Sun Duanchen, Liu Yinliang, Zhang Xiang-Sun, Wu Ling-Yun
Institute of Applied Mathematics, Academy of Mathematics and Systems Science, Chinese Academy of Sciences, Beijing, 100190, China.
National Center for Mathematics and Interdisciplinary Sciences, Chinese Academy of Sciences, Beijing, 100190, China.
BMC Syst Biol. 2017 Sep 21;11(Suppl 4):75. doi: 10.1186/s12918-017-0456-7.
High-throughput experimental techniques have been dramatically improved and widely applied in the past decades. However, biological interpretation of the high-throughput experimental results, such as differential expression gene sets derived from microarray or RNA-seq experiments, is still a challenging task. Gene Ontology (GO) is commonly used in the functional enrichment studies. The GO terms identified via current functional enrichment analysis tools often contain direct parent or descendant terms in the GO hierarchical structure. Highly redundant terms make users difficult to analyze the underlying biological processes.
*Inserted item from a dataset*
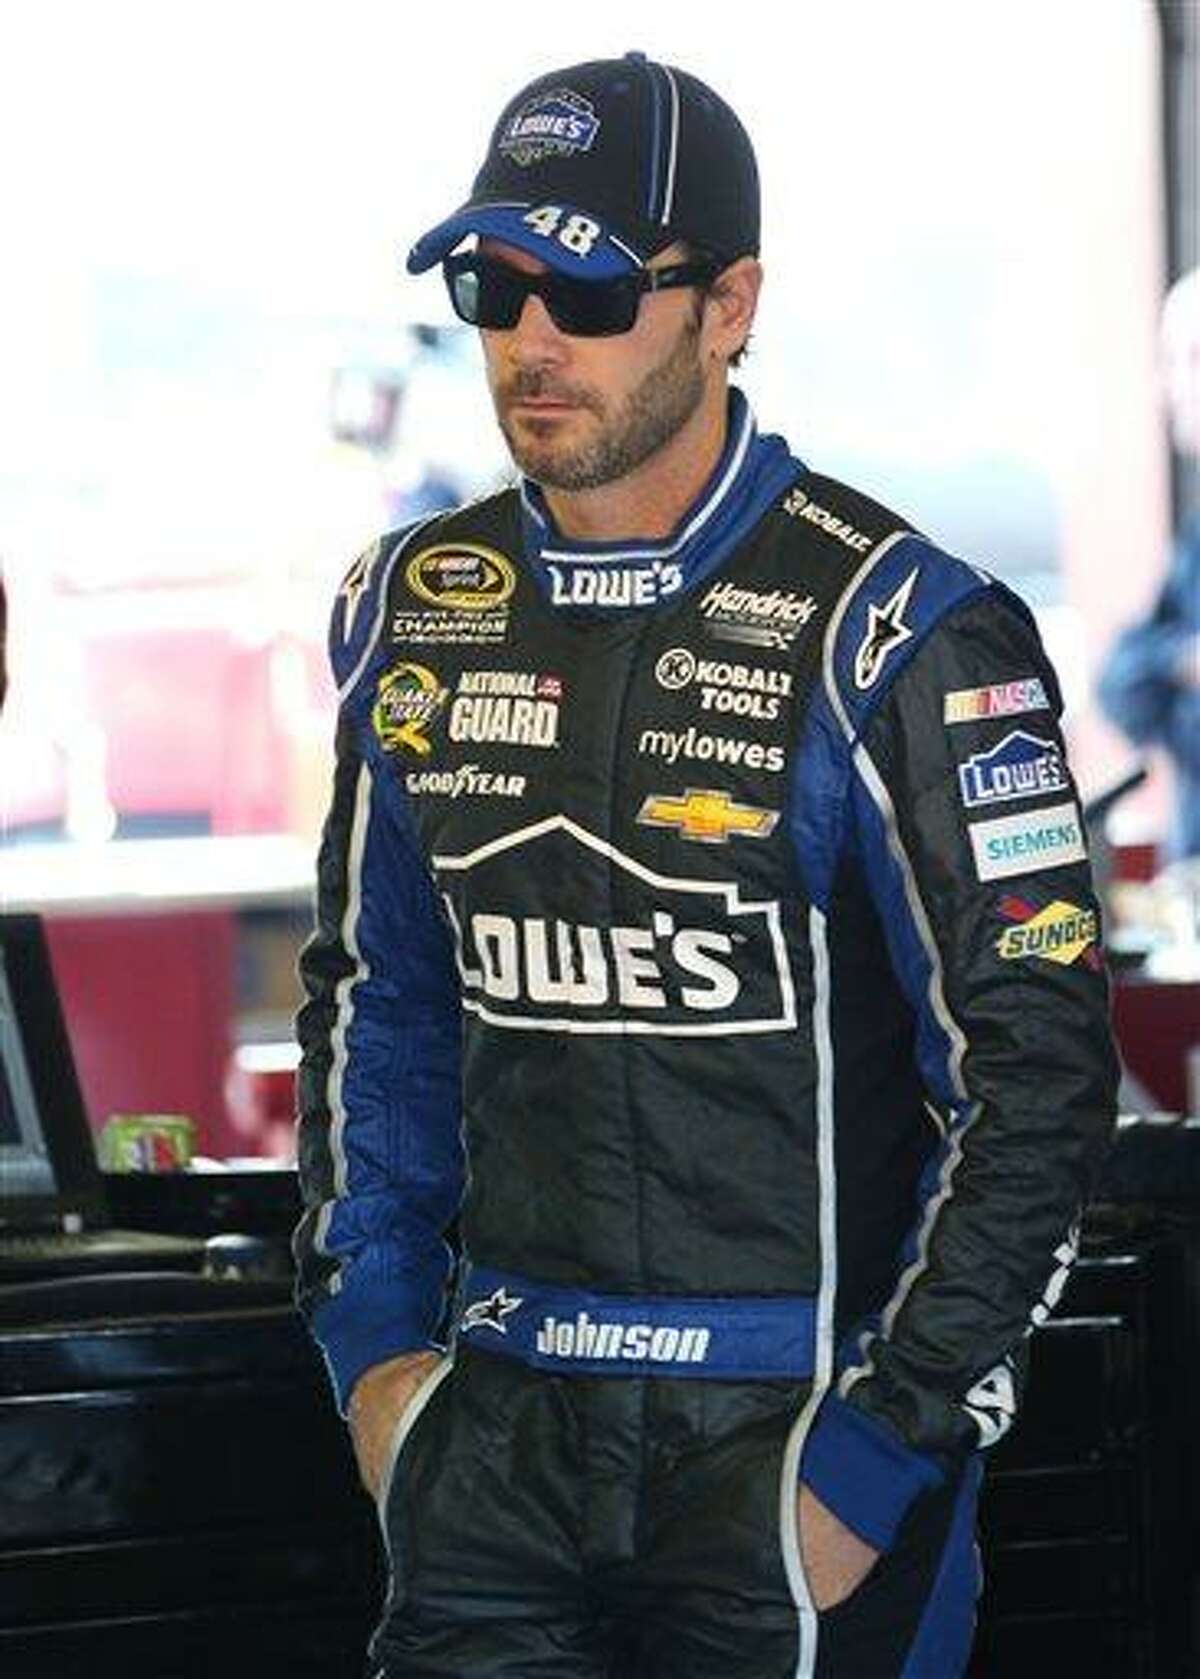 Jimmie Johnson watches as the crew works on his car during practice for the NASCAR Sprint Cup Series auto race at Michigan International Speedway in Brooklyn, Mich., Saturday, Aug. 17, 2013. (AP Photo/Bob Brodbeck)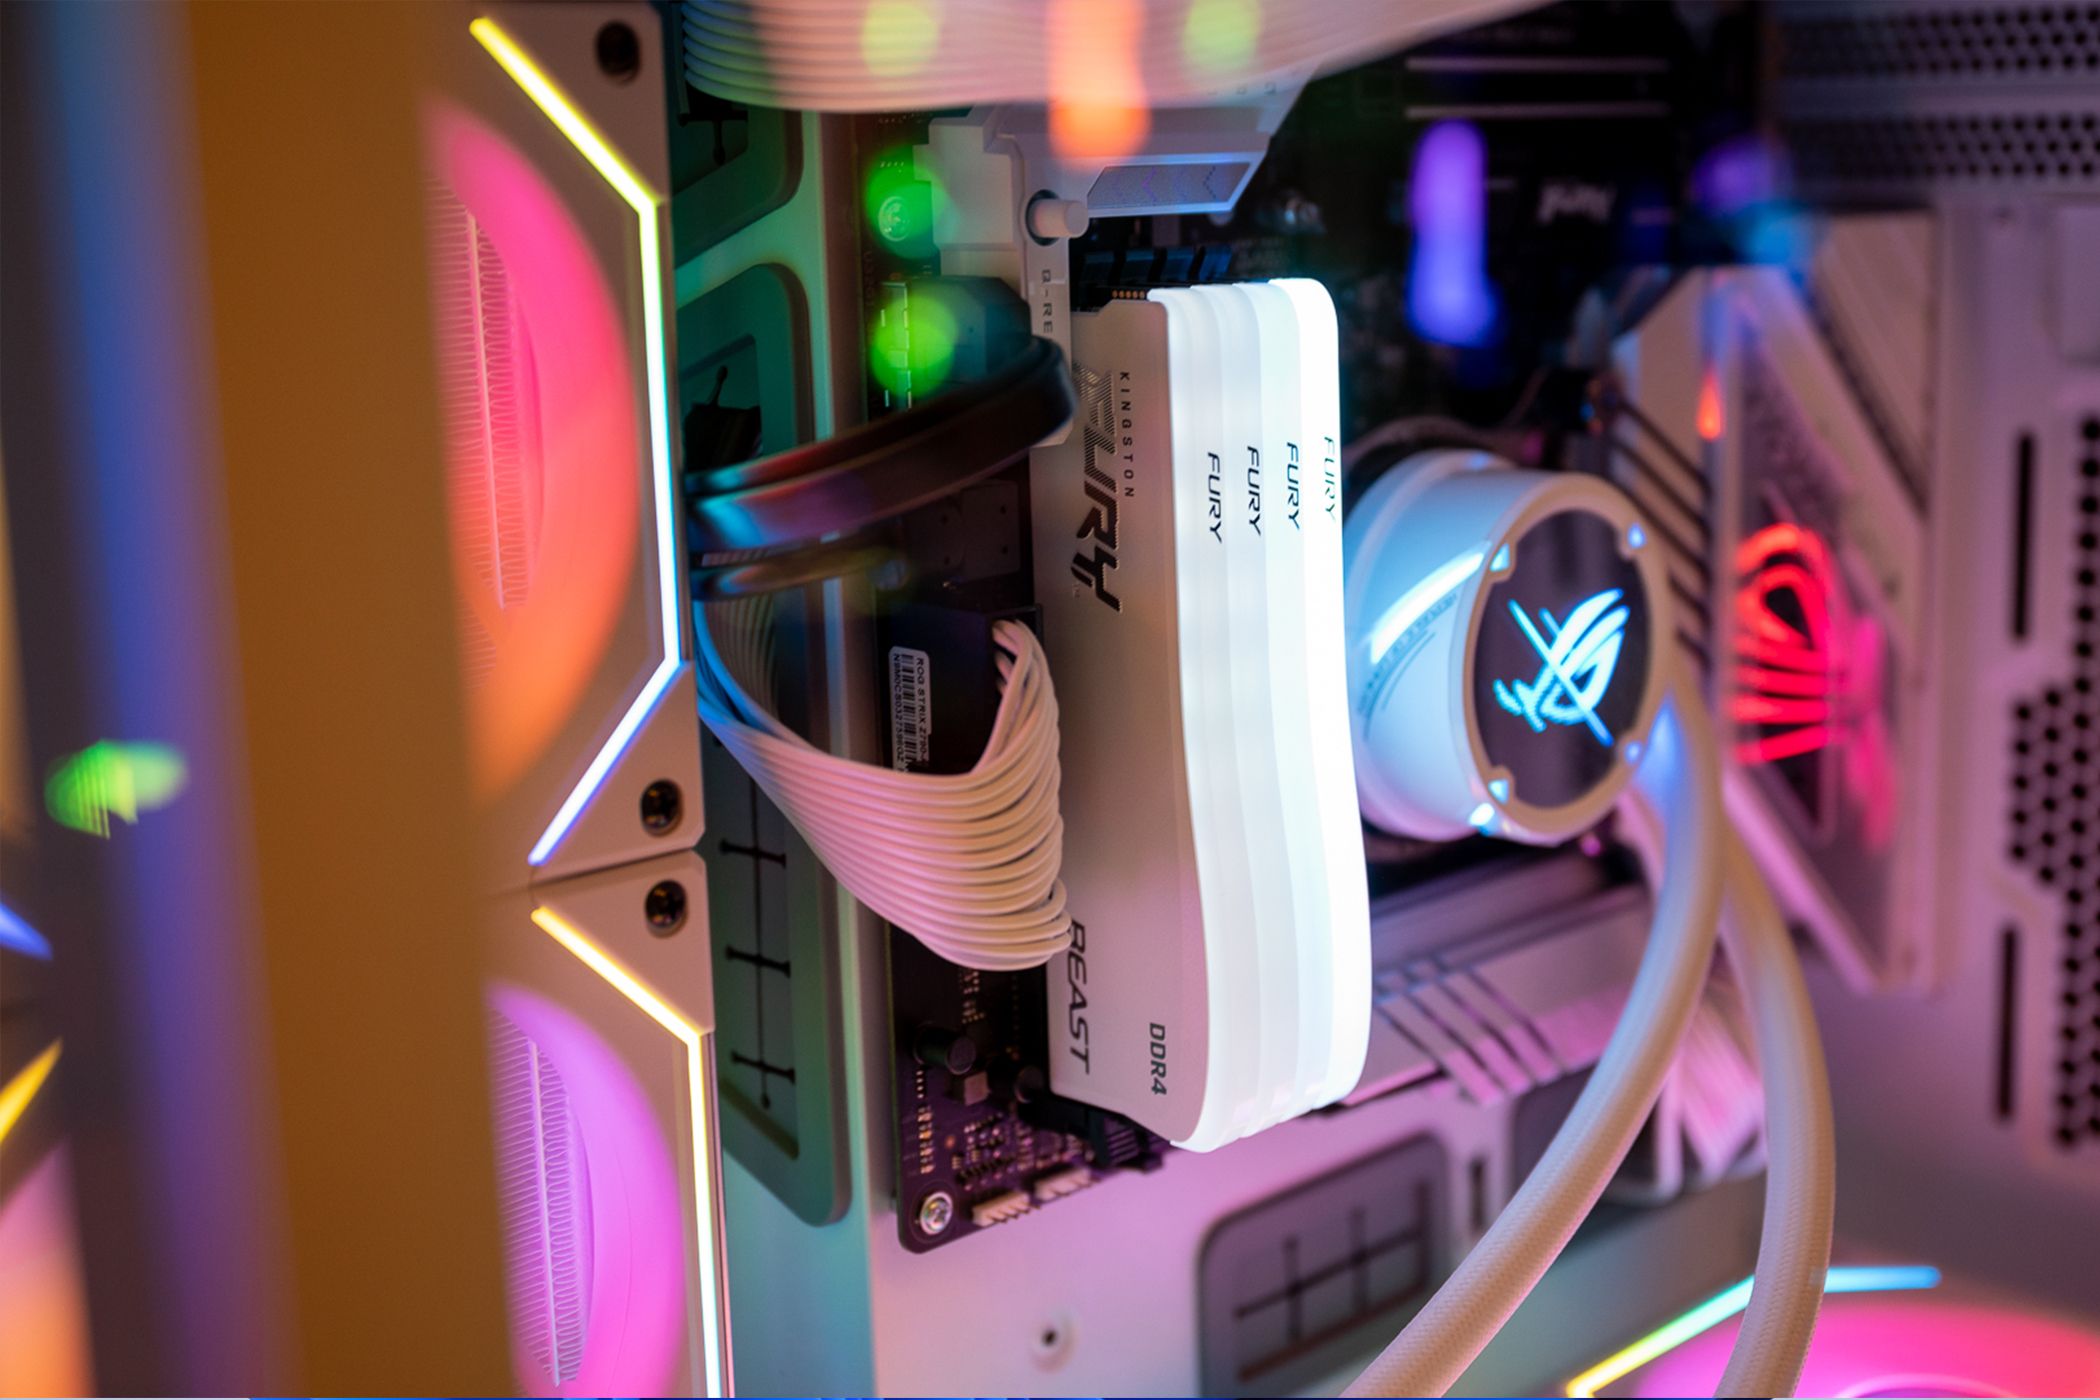 Illuminated RAM in a Colorful Case

In this paper, a novel network-based probabilistic generative model, NetGen, was proposed to perform the functional enrichment analysis. An additional protein-protein interaction (PPI) network was explicitly used to assist the identification of significantly enriched GO terms. NetGen achieved a superior performance than the existing methods in the simulation studies. The effectiveness of NetGen was explored further on four real datasets. Notably, several GO terms which were not directly linked with the active gene list for each disease were identified. These terms were closely related to the corresponding diseases when accessed to the curated literatures. NetGen has been implemented in the R package CopTea publicly available at GitHub ( http://github.com/wulingyun/CopTea/ ).
Our procedure leads to a more reasonable and interpretable result of the functional enrichment analysis. As a novel term combination-based functional enrichment analysis method, NetGen is complementary to current individual term-based methods, and can help to explore the underlying pathogenesis of complex diseases.
在过去几十年中,高通量实验技术得到了显著改进并被广泛应用。然而,对高通量实验结果进行生物学解释,例如从微阵列或RNA测序实验中获得的差异表达基因集,仍然是一项具有挑战性的任务。基因本体论(GO)常用于功能富集研究。通过当前功能富集分析工具识别的GO术语在GO层次结构中通常包含直接的父术语或子术语。高度冗余的术语使得用户难以分析潜在的生物学过程。
本文提出了一种基于网络的新型概率生成模型NetGen来进行功能富集分析。明确使用了一个额外的蛋白质-蛋白质相互作用(PPI)网络来辅助识别显著富集的GO术语。在模拟研究中,NetGen比现有方法表现更优。在四个真实数据集上进一步探究了NetGen的有效性。值得注意的是,识别出了几个与每种疾病的活跃基因列表没有直接关联的GO术语。当查阅经过整理的文献时,这些术语与相应疾病密切相关。NetGen已在R包CopTea中实现,可在GitHub(http://github.com/wulingyun/CopTea/)上公开获取。
我们的方法导致功能富集分析的结果更合理且更具可解释性。作为一种基于新型术语组合的功能富集分析方法,NetGen是对当前基于单个术语的方法的补充,并且有助于探索复杂疾病的潜在发病机制。